Uma originalidade chamada subconcessão
Em poucos anos, após a abertura do primeiro Integrated Resort de Macau, a LVS tornou-se líder do mercado do jogo. Para isso também contribuíram mais dois resorts que a empresa abriu no Cotai, o Sands Cotai Central, que agora está a ser reconvertido para um espaço temático, chamado Londoner, e o Parisian – a LVS e a Galaxy, talvez por terem sido as primeiras operadoras a apostar no Cotai, conseguiram muito mais terrenos do que a concorrência, sendo que a Galaxy ainda está a construir e a tentar tirar partido do muitos metros quadrados que lhe foram atribuídos, e a LVS há muito que tem o capítulo das grandes obras encerrado.
Las Vegas já tinha adjectivado Sheldon Adelson como um visionário. Macau comprovou-o. Dos autocarros grátis com ligação regular aos casinos, que são normais em Las Vegas, mas não existiam em Macau, à empresa de barcos, para não depender exclusivamente dos jetfoils de Stanley Ho, Adelson fez a diferença. E até na maior originalidade do sistema de jogo de Macau, as subconcessões, a LVS está presente: foi à empresa de Sheldon Adelson que o Governo atribuiu a primeira das três subconcessões, depois de desfeita a parceria inicial com a Galaxy.
Em 10 anos, quase 300 milhões de turistas chineses visitaram o maior casino do mundo, que é ao mesmo tempo o maior edifício da Ásia e o 5º maior do mundo, com uma área de 980 mil metros quadrados. Juntando todos os complexos da LVS, o número de visitas ultrapassará nesta altura os 600 milhões. A Sands controla ainda cerca de um terço de todos os quartos de hotel disponíveis em Macau.
“Esta foi a melhor aposta que já fiz na minha vida”, disse Adelson. E os números provam-no: se tudo começou em Las Vegas, a verdade é que as receitas obtidas pelo grupo nos EUA valem apenas 13 por cento. Singapura, onde a LVS tem uma das duas concessões, gera 22 por cento. Os restantes 65 por cento têm origem na RAEM.

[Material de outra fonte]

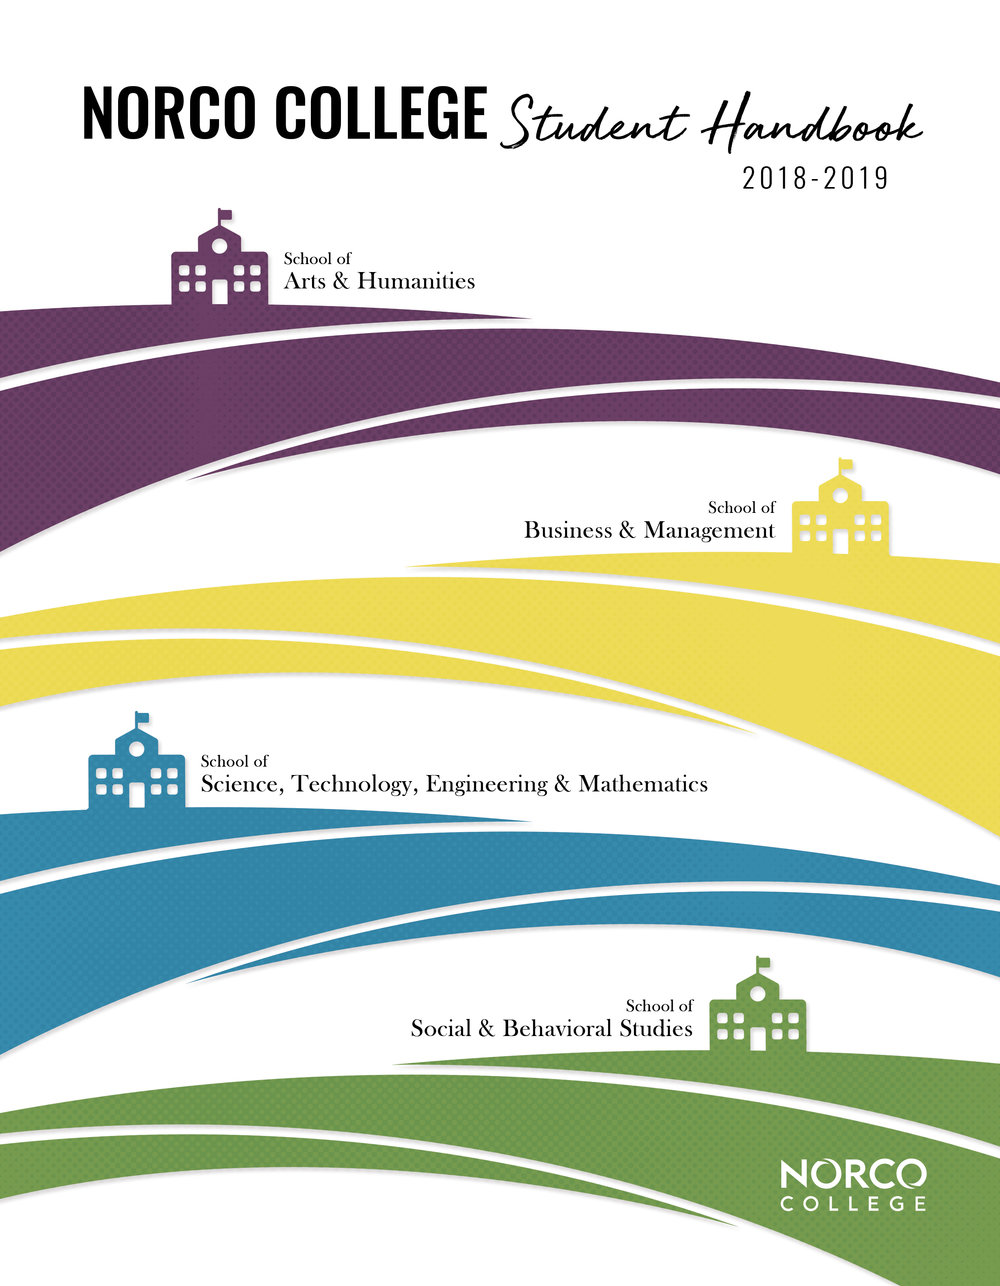 Student Handbook 2018-2019 G.jpg

O que é que os americanos têm?
Desde que chegou ao topo, a LVS nunca perdeu a liderança, embora tenha que partilhar com a Galaxy o primeiro lugar do operador com mais quota de mercado. Adelson e consumidor chinês criaram uma significativa empatia desde 2004, que nenhum outro concessionário conseguiu até agora desfazer.
A explicação poderá ter a ver com o pioneirismo, mas também com o facto de Sheldon Adelson ter apostado em trazer para Macau as principais características dos seus casinos nos Estados Unidos. Esta história é bem reveladora: conta-se que, antes de abrirem o Sands, diversos colaboradores da LVS percorriam, às mais variadas horas, os principais casinos da SJM para perceberem as suas idiossincrasias.
Uma delas tinha a ver com a cor das carpetes das salas de jogo e do feltro das mesas. No Lisboa e no Jai Alai as carpetes eram pretas e as mesas de um cinzento fosco. Os ‘espiões’ estavam confusos e tinham receio que as cores fossem superstição ou fong-soi. Até que, entre receios, um administrador da LVS decidiu que deveria ser como nos EUA: carpetes coloridas e feltros verdes.
Só mais tarde se descobriu que quer no Lisboa quer no Jai Alai as carpetes também tinham sido, em tempos, coloridas, mas estavam negras porque nunca tinham sido lavadas. Nas mesas, quando novas, também houve panos verdes, mas sujaram-se e estragaram-se e nunca foram substituídas.